Харьюла насторожился. В последнее время до него доходили всякие слухи о положении в Финляндии, но что там происходит на самом деле, он не знал.
– Лахтари взяли Выборг…
– Перкеле! – вырвалось у Харьюлы.
– Беженцы рассказывали, что… – продолжал мужчина в гимнастерке, но красногвардеец в кожаной кепке, неодобрительно взглянув на него, прервал:
– Не стоит верить всяким слухам.
Последовало неловкое молчание.
– Нет, кроме шуток, куда вы едете? – спросил снова Харьюла.
– Вастен уже сказал куда, – ответил красногвардеец в кожаной кепке. – На Сантавуори. Так ребята из легиона называют свой лагерь. Подробнее тебе может рассказать Кюллес-Матти. Он там с самого начала. Вон он стоит…
Кожаная кепка показала на немолодого мужчину с длинной жилистой шеей, стоявшего возле одного из вагонов и что-то оживленно рассказывающего собравшимся вокруг него красногвардейцам. Теппана, тоже стоял там и с раскрытым ртом слушал, как Кюллес-Матти рассказывает о совершенном ими походе на границу. Кюллес-Матти с похвалой говорил о своем командире. Имя этого командира показалось Харьюле знакомым. «Неужели это тот самый Ахава?» – подумал он и подошел к Кюллес-Матти.
– А это не тот Ахава, сын известного купца из Куусамо?
– Тот самый, – ответил Кюллес-Матти.
– Перкутти! – Харьюла даже выругался от удивления. – Так я ж его знаю. Я же целый год батраком у них работал. Вот бы здорово повидать Иво через столько лет…
– В чем же дело? Давай поедем с нами, повидаешь своего хозяина, – предложил Кюллес-Матти. – Проезд бесплатный…
То ли Харьюла был еще настолько под хмельком, что забыл о том, что он теперь не вольная птица, а боец Красной Армии, которому за проступок придется отвечать, то ли в нем вдруг проснулся прежний босяк, привыкший скитаться по свету и имевший о личной свободе довольно широкие понятия, но он сразу же принял предложение Кюллес-Матти.
– Поедем, – предложил он Теппане.
Тот отрицательно покачал головой.
– Когда вы думаете вернуться обратно? – спросил Харьюла у кожаной кепки.
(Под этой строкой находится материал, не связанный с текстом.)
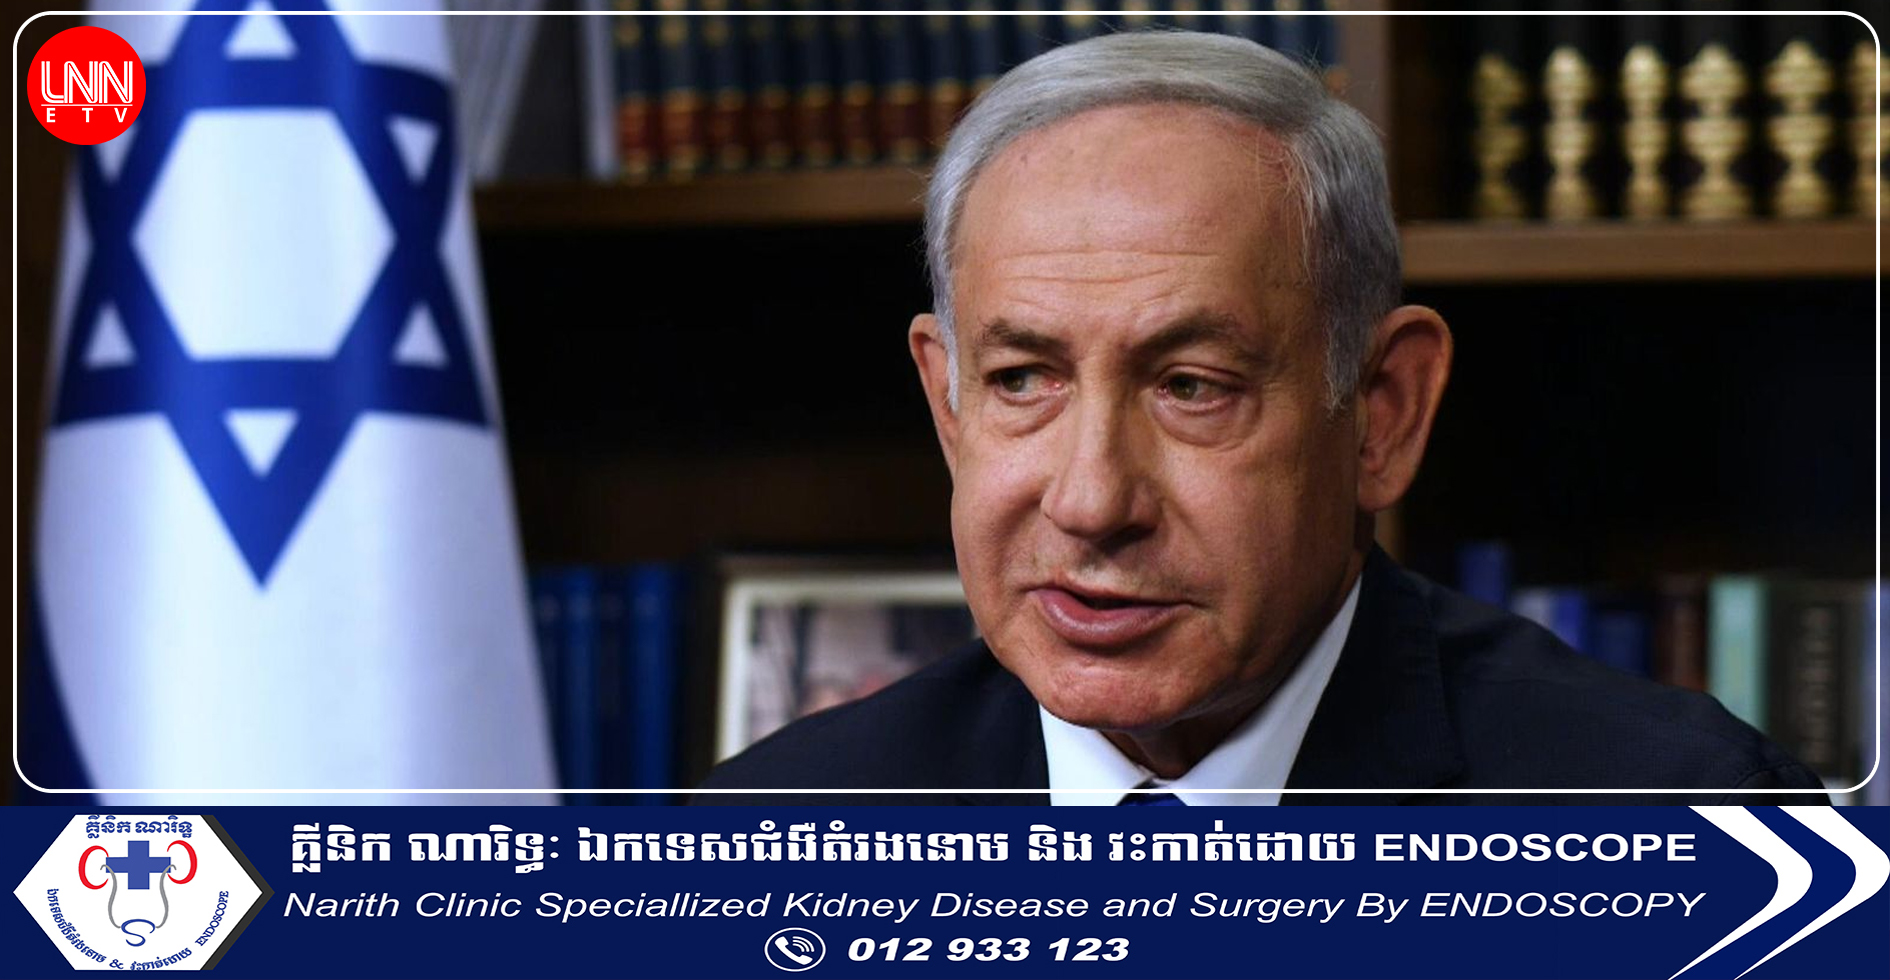 លោកនាយករដ្ឋមន្ត្រី Benjamin Netanyahu ៖ នឹងមិនមានឡើយបទឈប់បាញ់ រហូតទាល់តែចំណាប់ខ្មាំងទាំងអស់ត្រូវបានដោះលែង

Но тут подошел востроглазый начальник поезда и скомандовал:
– По вагонам! Ребята, отправляемся.
Харьюла тоже вскочил на подножку, и поезд тронулся.
IIIВ пути Харьюла узнал от своих новых товарищей-красногвардейцев, что «старушка» – так они ласково называли старенький паровоз № 27, тащивший их состав, – совершает уже второй рейс на север. Во время первого рейса «старушка» доставила оружие для так называемого Северного легиона, сформированного из красных финнов на севере Карелии. Пулеметы и винтовки, доставленные «старушкой» очень своевременно, сослужили хорошую службу. Если отряду Малма удалось дойти почти до самой Кеми, то направлявшийся к Кандалакше отряд белофиннов под командованием Валлениуса был разгромлен под Алакуртти этим Северным легионом. Хотя 480 белофиннам противостояли всего 110 красных бойцов, белые потерпели сокрушительный разгром. Остатки отряда поспешили убраться восвояси, благо до границы было недалеко.
Впрочем, боевая история «старушки» началась несколько раньше. До революции в Петербурге было немало финских рабочих. Большинство из них работало на Финляндской железной дороге и в депо Финляндского вокзала, и жили они также в основном в районе этого вокзала. У них были свои рабочие организации, руководимые социал-демократической партией Финляндии, они проводили свои собрания и мероприятия, в которых принимали участие также и рабочие-финны с других заводов и фабрик. Таким образом на Выборгской стороне образовался как бы центр всего рабочего движения живших в Петрограде финнов. Здесь, на Выборгской стороне, из финских рабочих был организован в ходе революции и отряд Красной гвардии. Многие из попутчиков Харьюлы были бойцами этого красногвардейского отряда и могли бы рассказать ему, как они ломали ворота Крестов, как шли с красными знаменами по Литейному, как встречали Ленина на Финляндском вокзале. А когда началась революция в Финляндии, финские красногвардейцы-питерцы на этой самой «старушке» доставляли оружие своим братьям в Финляндию, потом ездили за хлебом для них в Сибирь… Сейчас они возвращались из Петрограда, везя для Северного легиона немного обуви и одежды, лекарства и перевязочный материал.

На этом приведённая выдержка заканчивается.